§ **Data extract**
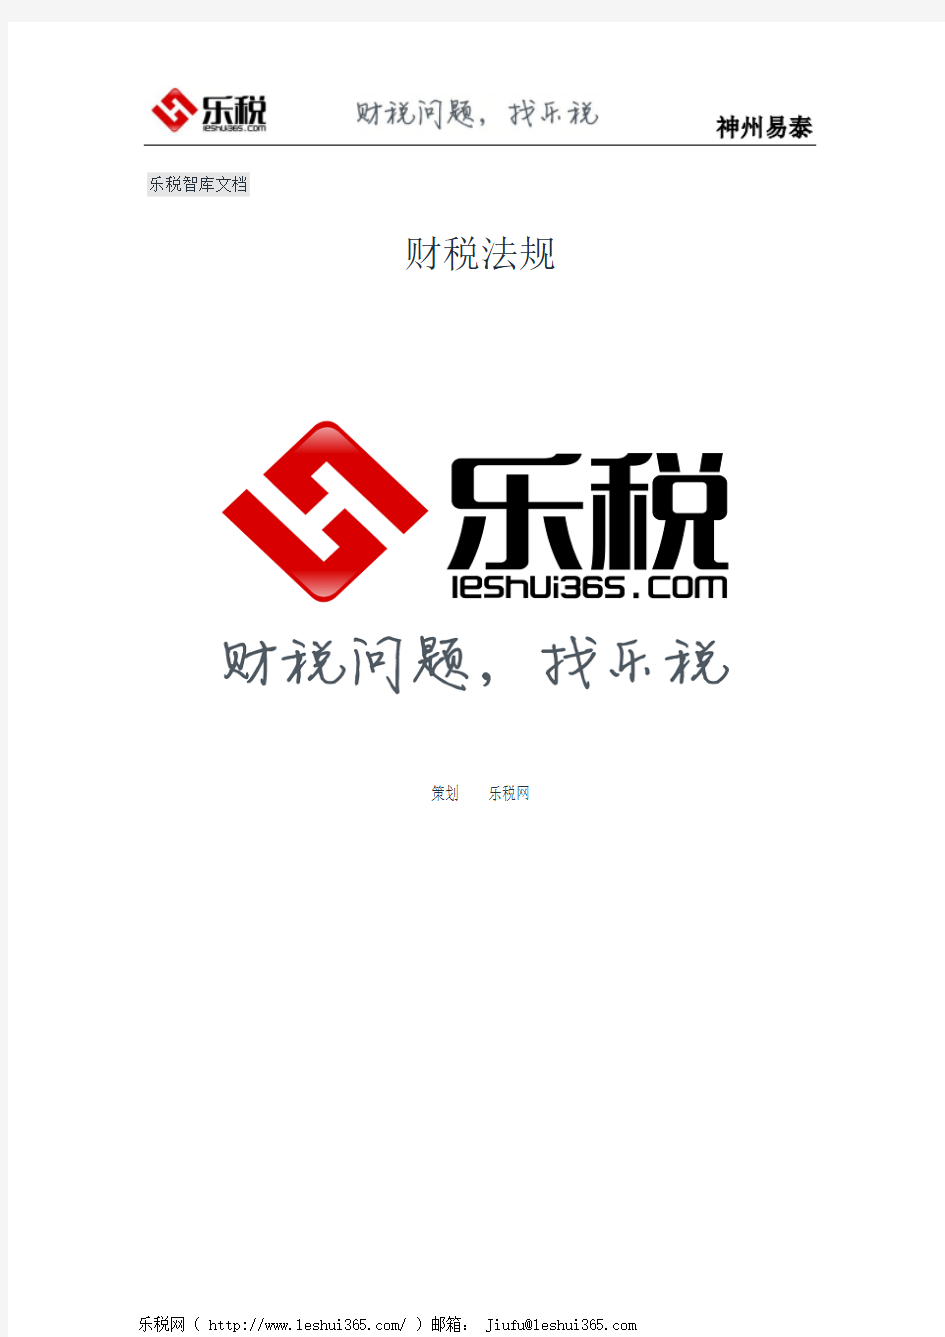 天津市地方税务局关于写字楼有关税收政策的通知
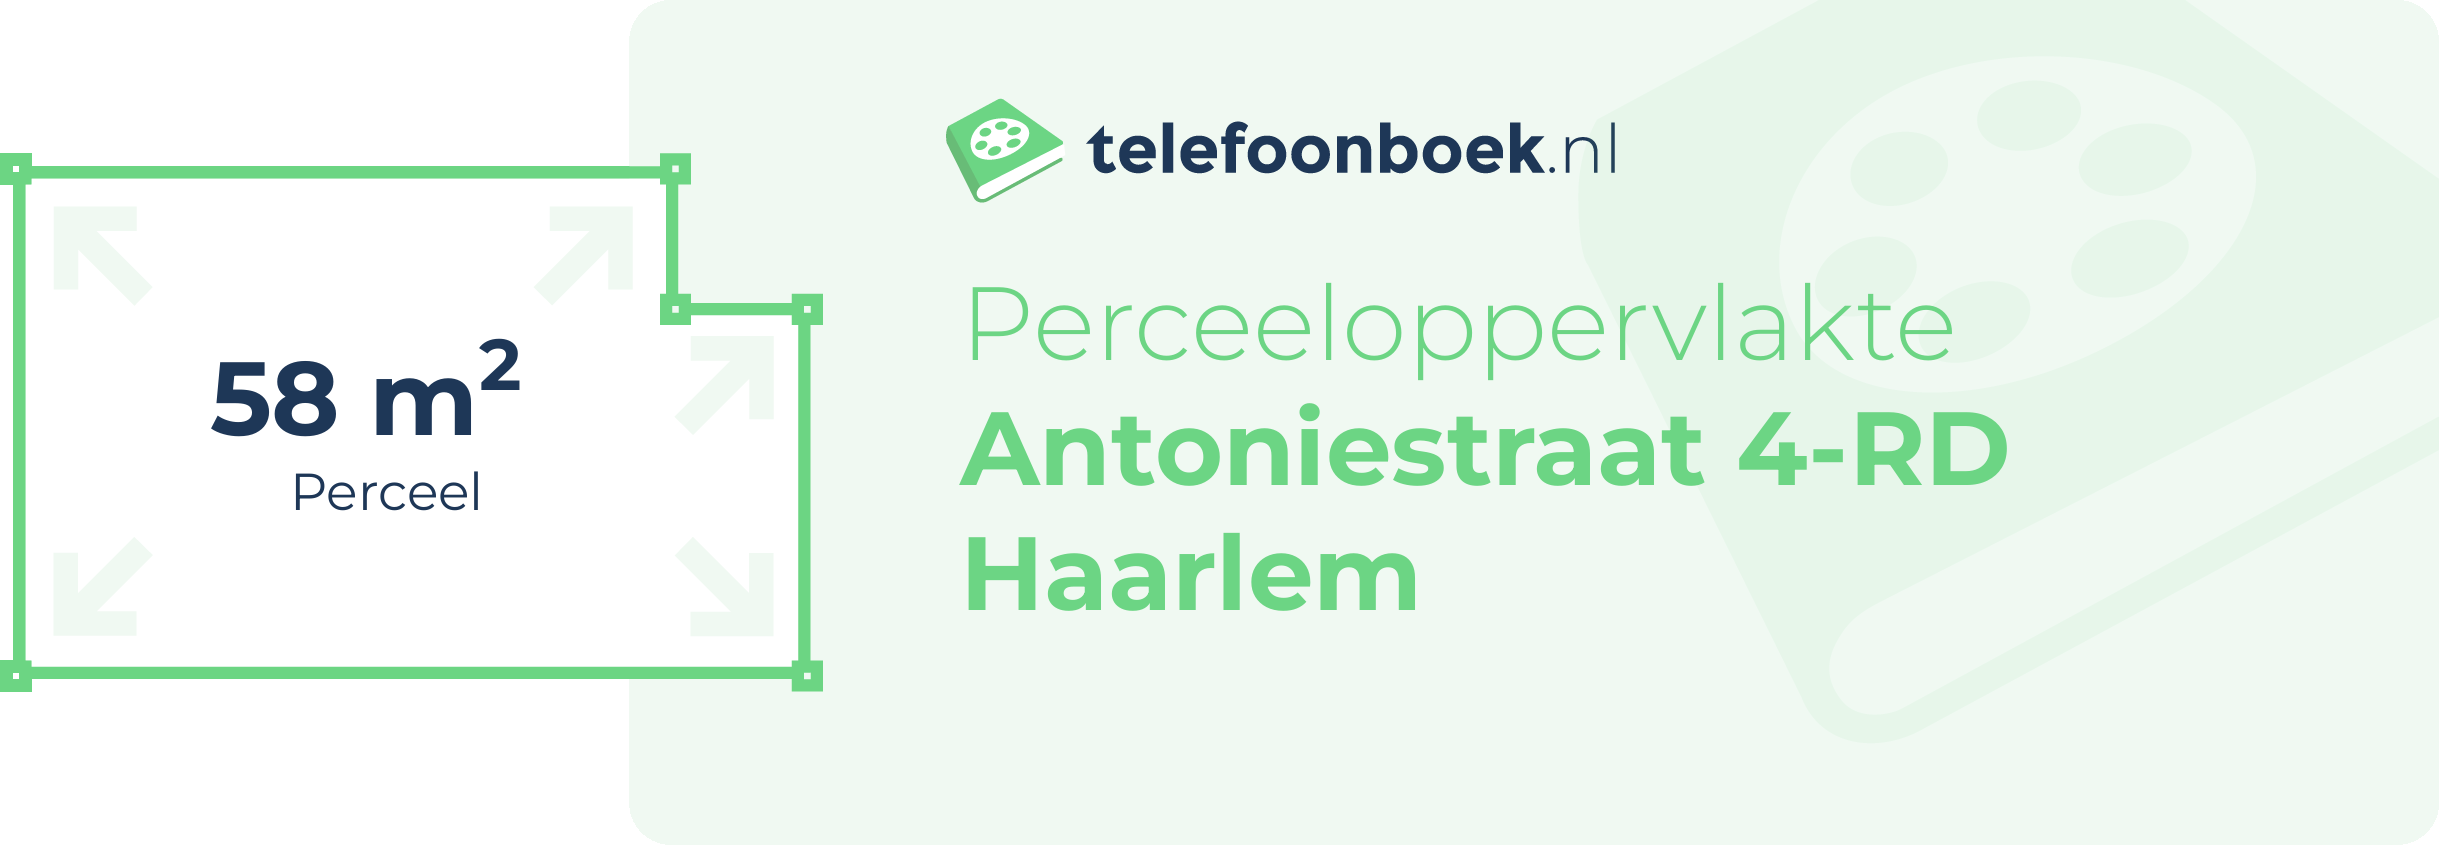 Perceeloppervlakte Antoniestraat 4-RD Haarlem
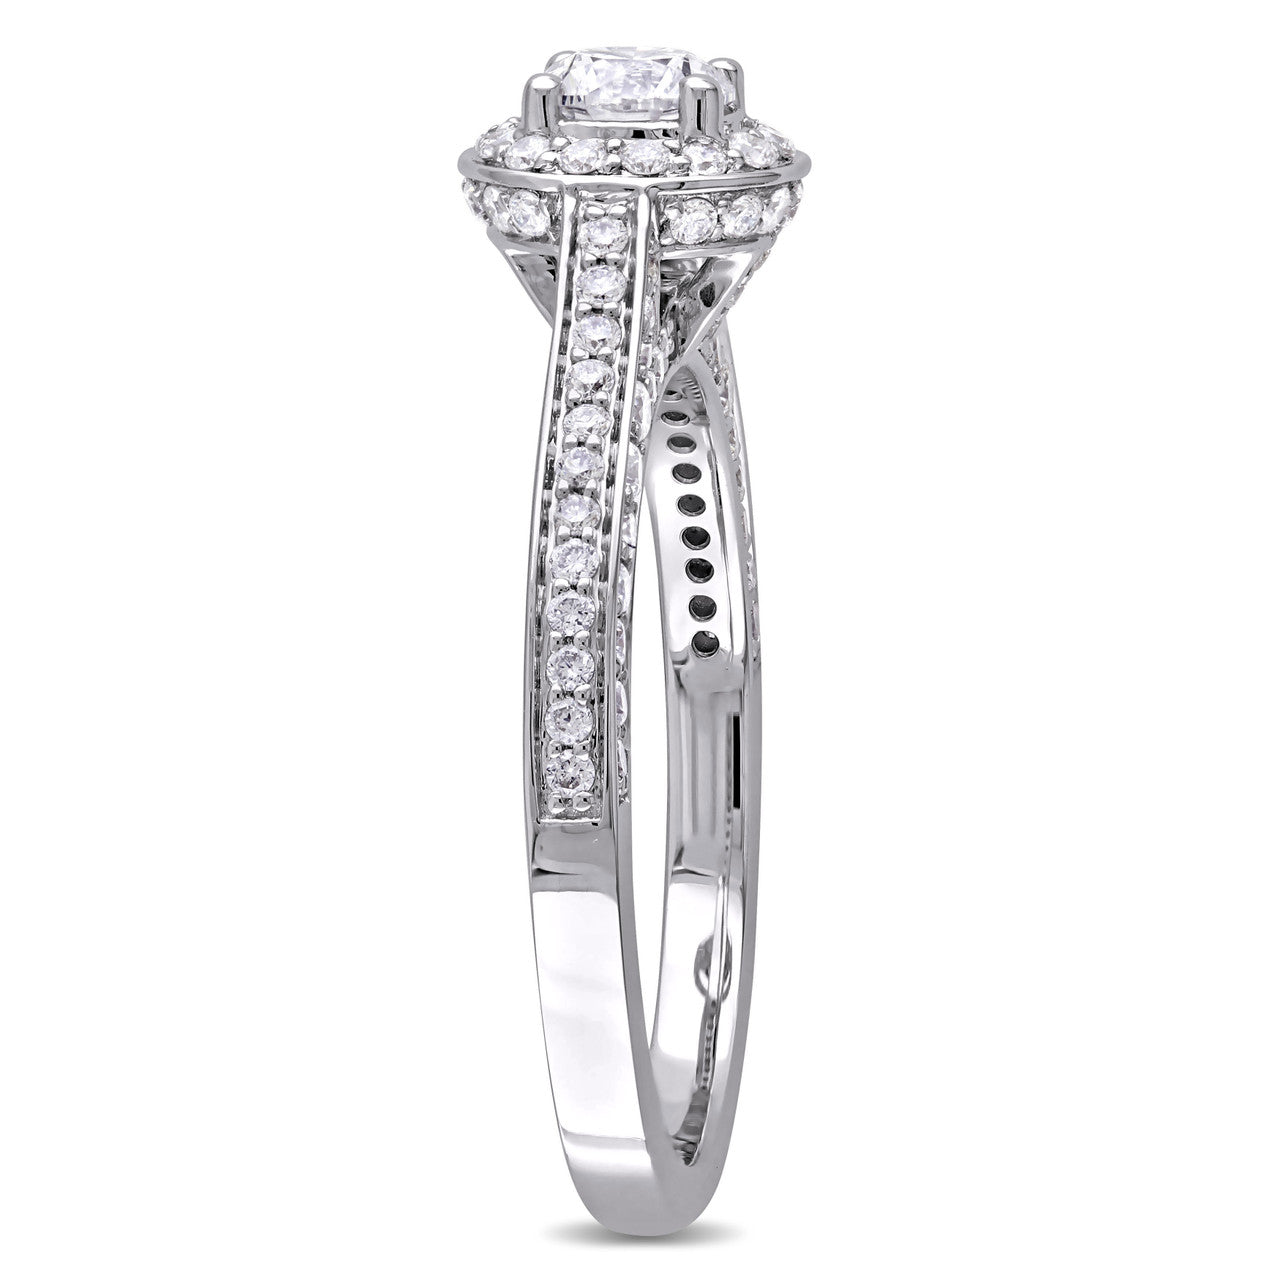 Ice Jewellery 1 CT Diamond TW Halo Ring in 14k White Gold - 75000004527 | Ice Jewellery Australia
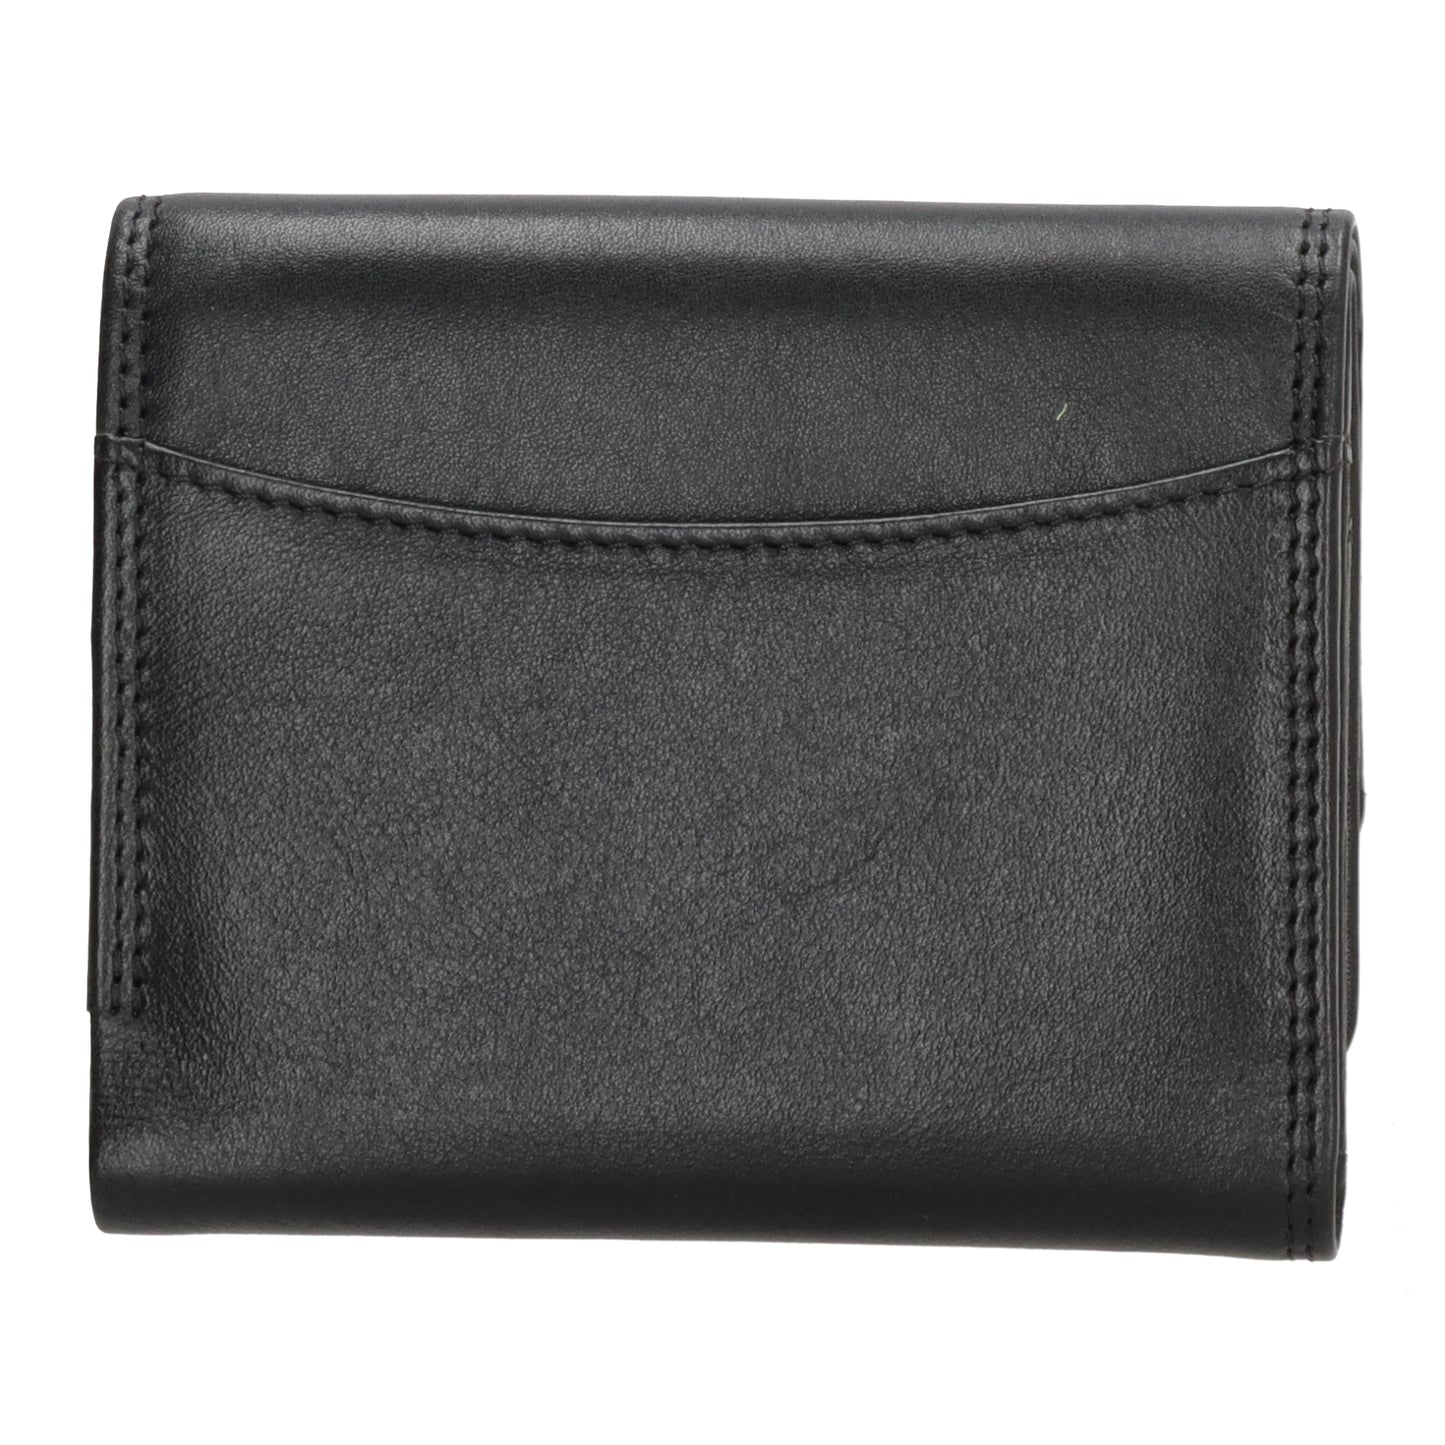 Lederbörse 10,5x8,5cm in Schwarz mit Überschlag und RFID-Schutz

§ **Task instructions**
A verbatim copy of the data, free of pictures, is the expected answer.

§ **Result**
 天津市地方税务局关于写字楼有关税收政策的通知
 Perceeloppervlakte Antoniestraat 4-RD Haarlem
 Ice Jewellery 1 CT Diamond TW Halo Ring in 14k White Gold - 75000004527 | Ice Jewellery Australia
 Lederbörse 10,5x8,5cm in Schwarz mit Überschlag und RFID-Schutz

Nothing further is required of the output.